Bengaluru, Feb 26: The government first-grade colleges in Karnataka will be provided with 12,500 De-Bonded desktop computers as part of the Help Educate, a public- private initiative taken up by the Department of Collegiate and Technical Education (DCTE), officials said.

A memorandum of understanding (MoU) was signed on Friday by the DCTE, Cognizant Technology Solutions India Pvt Ltd and the Rotary Club, the office of Deputy Chief Minister C N Ashwath Narayan, who holds the Higher Education portfolio, said.

The initiative has the prime objective of facilitating the learning of students of Government First Grade Colleges and making a difference in the learning of students, most of whom hail from a socio-economically marginalised background, it said.

Under the Help Educate initiative, the DCTE has been partnering with MNCs and philanthropists to educate and train students for employment, train professors in modern methodology through faculty development programmes and digital teaching.
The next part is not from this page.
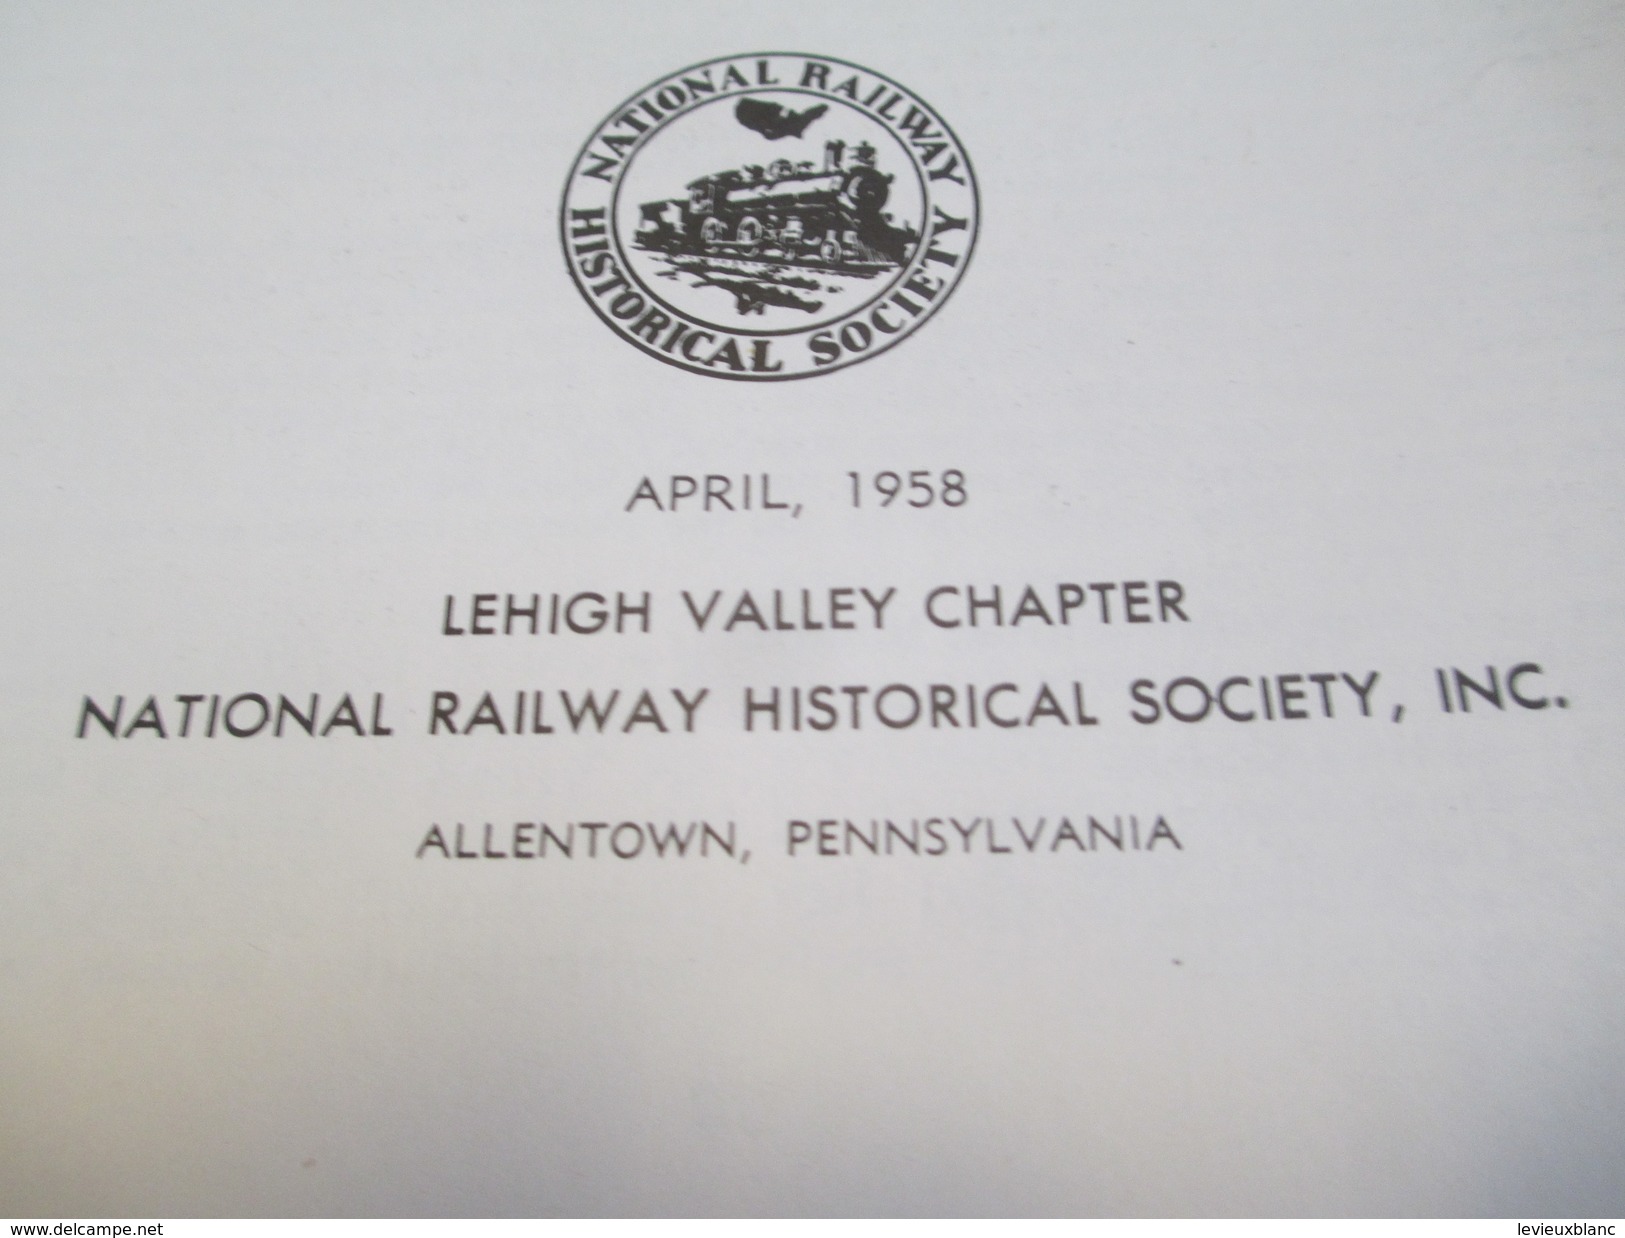 Fascicule/The Liberty Bell Route's/History &Roster/National Railway Historical Society Inc/USA/Pennsylvania/1958   TRA24 - Oorlog 1939-45

It would also equip government colleges with digital assets to adopt digital learning which is both a recent trend and also an inviolable necessity of times.

As part of the initiative, Cognizant has volunteered to provide 12,500 de-bonded Desktop Computers which would be distributed among the colleges to establish computer Labs for the use of students, the release said.

The Rotary Club, Bangalore has offered to install Windows OS and Office 365 and transport and install these Desktops to respective destinations, it said.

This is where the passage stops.